I remember being exposed to a new definition for the word ‘exhaustion’ when I first started care-taking for mom. That is how I feel about the word ‘grief’ now. Those five little letters are deeper and wider and darker than I ever knew possible. My sister and I joke that we have become members of a secret club we never asked to join; we mark the difference between the condolences of people who have yet to experience similar losses (“The hardest part is over!””It gets easier from here on out!”), and the soft, restrained support of those who have (“Sorry.””How you holding up?”). My friend Desirae lost her mother a matter of weeks before I lost mine. She says, “I don’t know about you, but I don’t sleep between 2am-4am any more.” My own shift starts closer to 3:30 am.

It is not a sadness that “comes in waves”, though I do find myself repeating that cliche, ad nauseum, to folks who still bother asking how I’m doing. Sometimes it can swell to an emergency room level of heartache, like when I get a whiff of her perfume or torture myself by listening to one of the million voicemails I’ve saved where she is asking for some sort of assistance I was usually too tired or too busy to provide. The main surprise is that it is ever-present. It follows me wherever I go and asks to ride in my car, jump in my shower, watch Netflix with me. It’s my alarm clock in the morning. It joins me at every meal. It lies down next to me in bed at night.
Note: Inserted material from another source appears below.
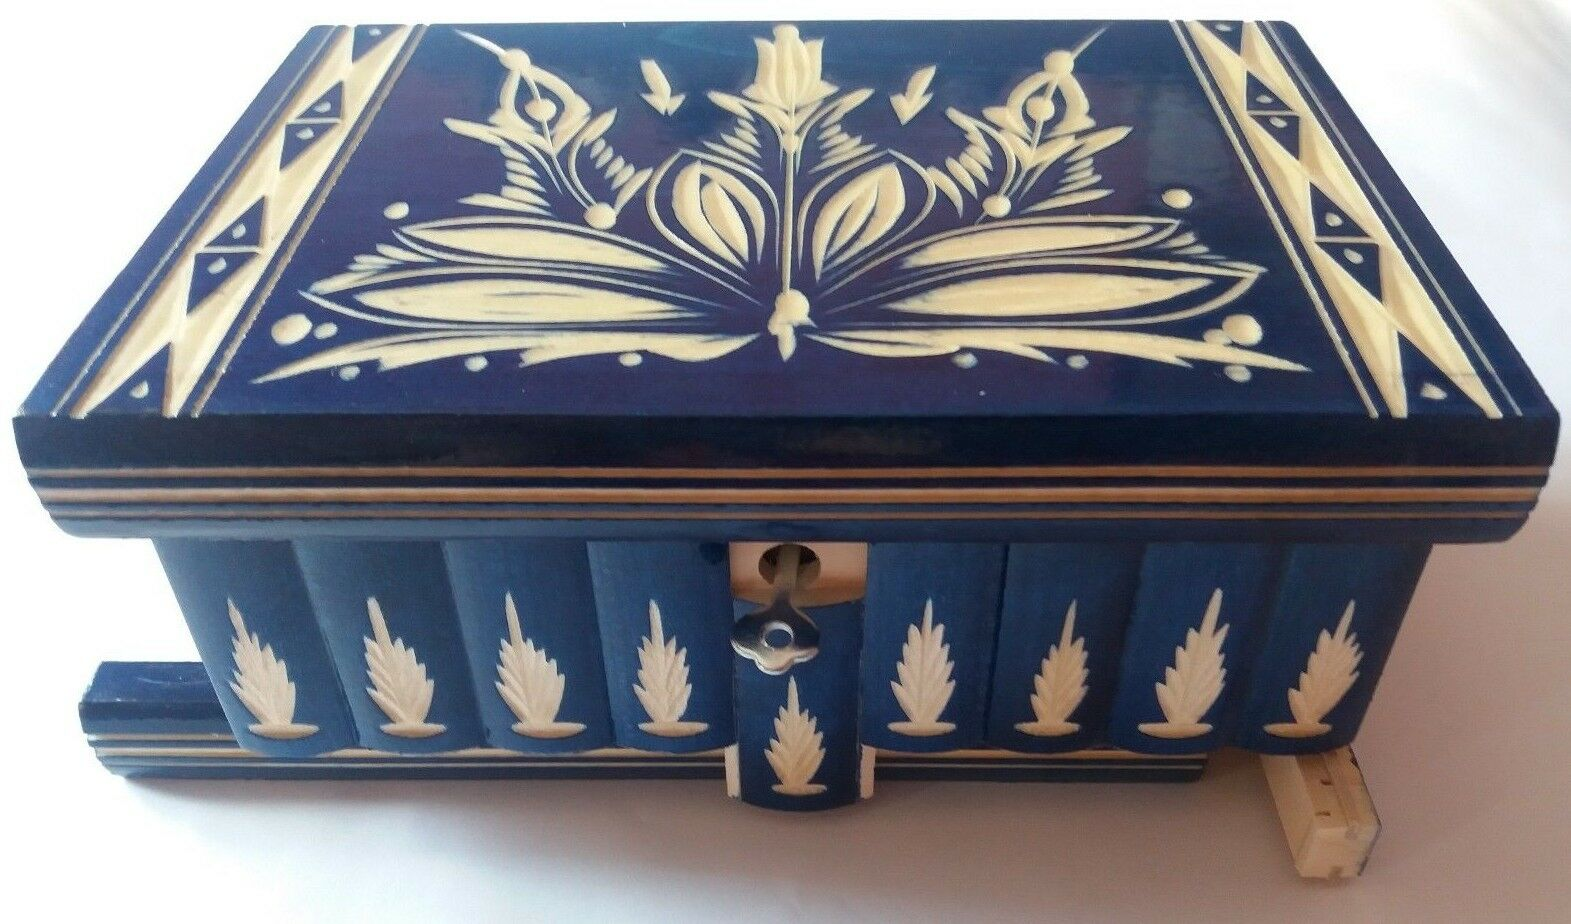 New big huge blu jewelry magic puzzle box adventure challenge hidden drawer toy

Sometimes I am mildly comforted by the agony. Because other than the constant reminder, knocking softly at the back of my consciousness at all times (and even at my subconsciousness sometimes during the vivid dreams I have when I do manage to sleep), the rest of the world has moved on since February 7th, 2017. And mom’s phone is disconnected. Her house is empty. My rent is due. My car needs an oil change. The dishes need washing. The floors need swept.

Life goes on.

I stay busy with work. My Facebook has gone back to being a scavenger hunt for trivial items needed to prop 15-60 second advertisements about products and businesses I could care less and less about. My phone has gone back to being a vessel for answering frantic emails at all hours of the day. I am partly thankful for the distraction; a sleight of hand that silence the voices in my head who otherwise badger, “You should have had more patience”, “You should have had more empathy”, “You should have done more”. Mom is there, too, hanging out in a recliner in the back of my brain, tsk-tsk- tsking me with that morphine-laden voice of hers, saying, “Life is too short for this, Haley Marie. Don’t repeat my mistakes. Don’t focus on the wrong things.” 
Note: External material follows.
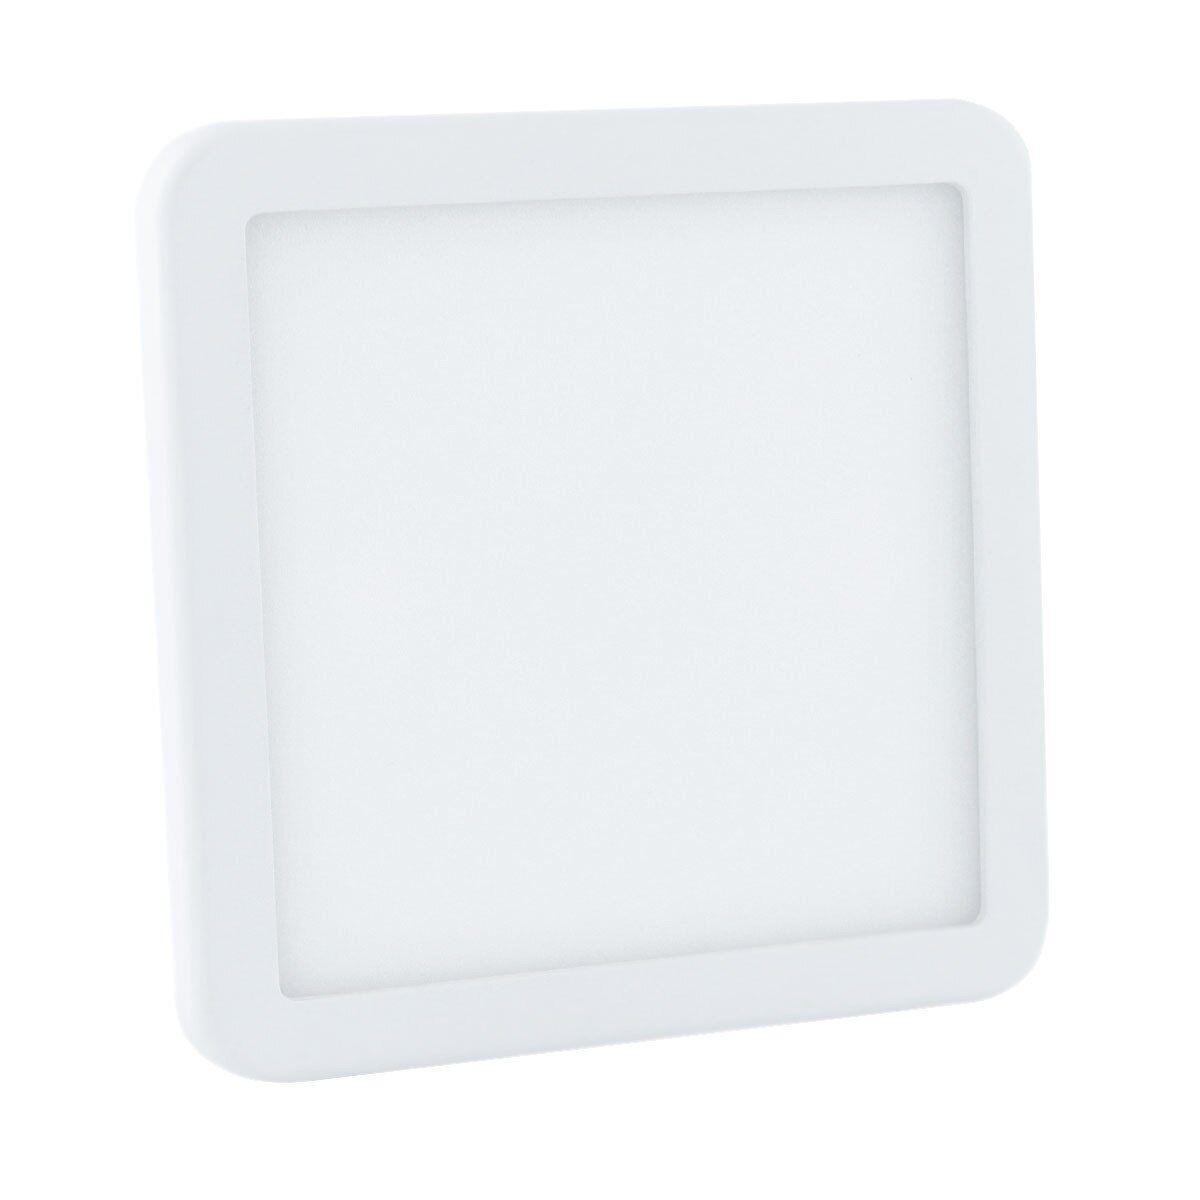 Led панель квадрат 9W (СL-S9W-5/2) 50-165mm 5000k BIOM

But there are bills to be paid- mine, and 1/2 of hers now. So, as I did before she passed, I drown out the noise and hope for a day in the future when relief might come knocking, tag out grief and exhaustion, and stay for an extended visit all of its own.

And all that being said…

I am completely aware that my loss is not a particularly singular or notable one. It is not especially devastating or cruel, certainly not in comparison to what so many other people have suffered, now and throughout history, all over the earth. I think about how shitty I feel, how so many people have it so much worse than me, and am just mightily impressed how so many of us walk around every day, world-wide, continuing to get dressed in the morning and go to work and attend business meetings and appointments and go to barbecues and football games and concerts and school plays and recitals and weddings and baby showers and just keep keepin’ on, like we don’t have these huge gaping losses  burrowed in our bones. Considering the state of affairs in the world and this country, it’s a wonder things are even as good as they are. “Everyone is fighting a hard battle,” they say. Right now I see it everywhere. 

Anyway, I guess I don’t have anything else to say right now. But to any of you out there also hurting this evening, know that you are in my heart.